A comparative, anthropological view of one's own society cannot but reveal the contingency of what we deem acceptable. To give but a very partial list, there simply is no good reason to believe that abortion, cremation, pork, same-sex marriage, incarceration, and public breastfeeding should be permitted, but not infanticide, ceremonial cannibalism, dog-meat, first-cousin marriage, polygamy, corporal punishment, and public urination. The first list contains some things that are widely accepted in our society and that those in the educated elite tolerate, and still other things that are not yet widely accepted but that those in the educated elite advocate. The second list contains, I believe, things that would not be tolerated either by the educated elite or by the broader society. Yet a comparative ethnographer could give you examples of perfectly well-functioning, healthy societies that practice at least some of the things in the second list, while abhorring everything in the first list.

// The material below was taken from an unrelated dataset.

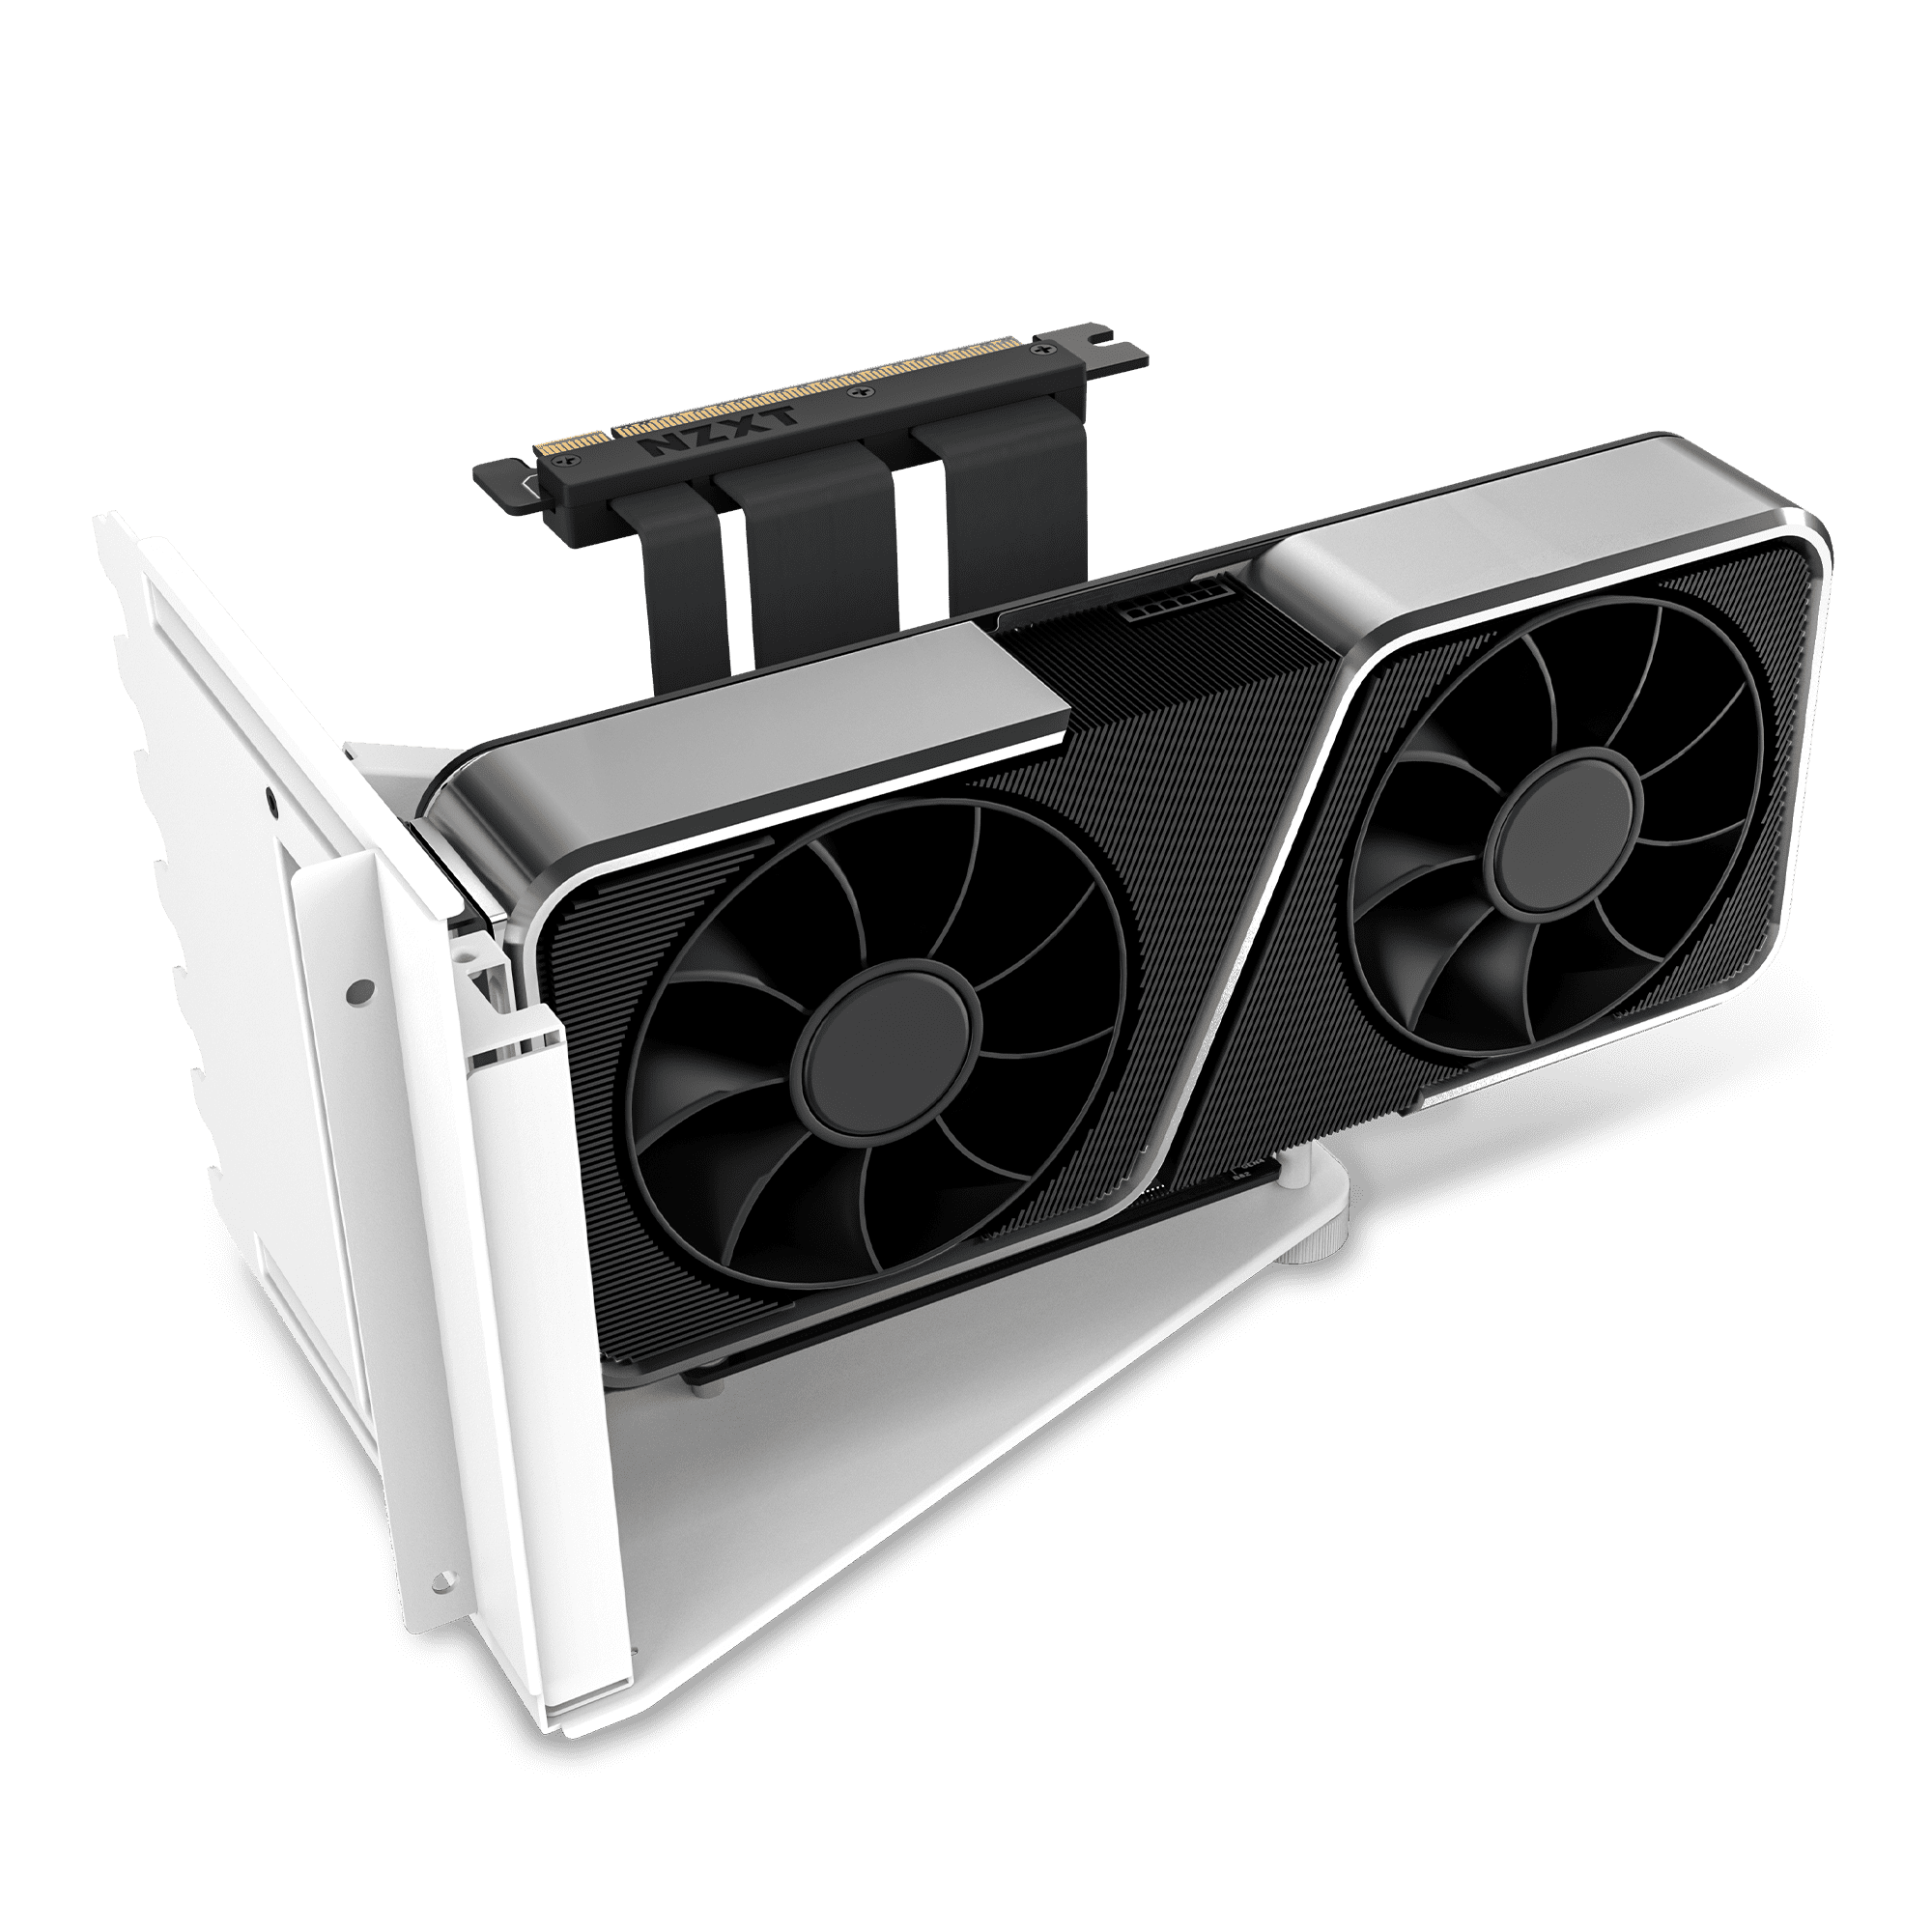 NZXT H510 ELITE GPU BRACKET SUPPORT MOUNT ELITE
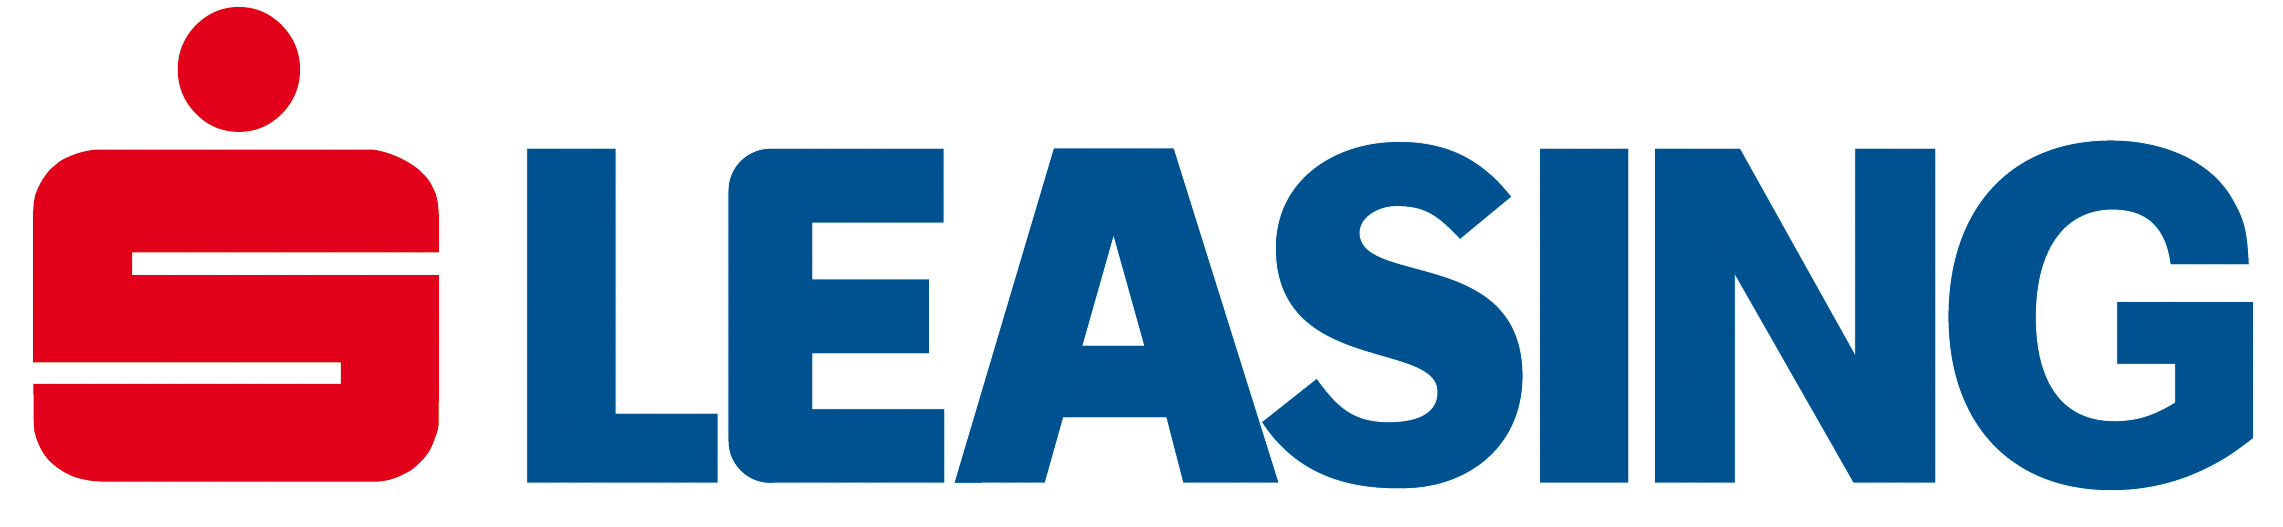 Ersteleasing logo

I am saying nothing here, of course, about my own views regarding any particular practice. What I am saying is that it would be a remarkable coincidence if the real moral order of the world just happened to match up with that list of things for which a person must express support in order to be admitted into Western educated liberal circles. In moral philosophy there seems to be a strong tendency to mistake the shibboleths of group identity for timeless truths. The problem with this is not just that it's provincial --a community that liked polygamy and obligatory euthanasia for the elderly but disliked abortion and same-sex marriage would be no less provincial-- but that it is unscientific: it is uninterested in real data on the range of ways human societies organize themselves. In the absence of these data, it is unable to adequately account for the deep-seated reasons for society's inflexibility in the face of its supposedly compelling moral arguments.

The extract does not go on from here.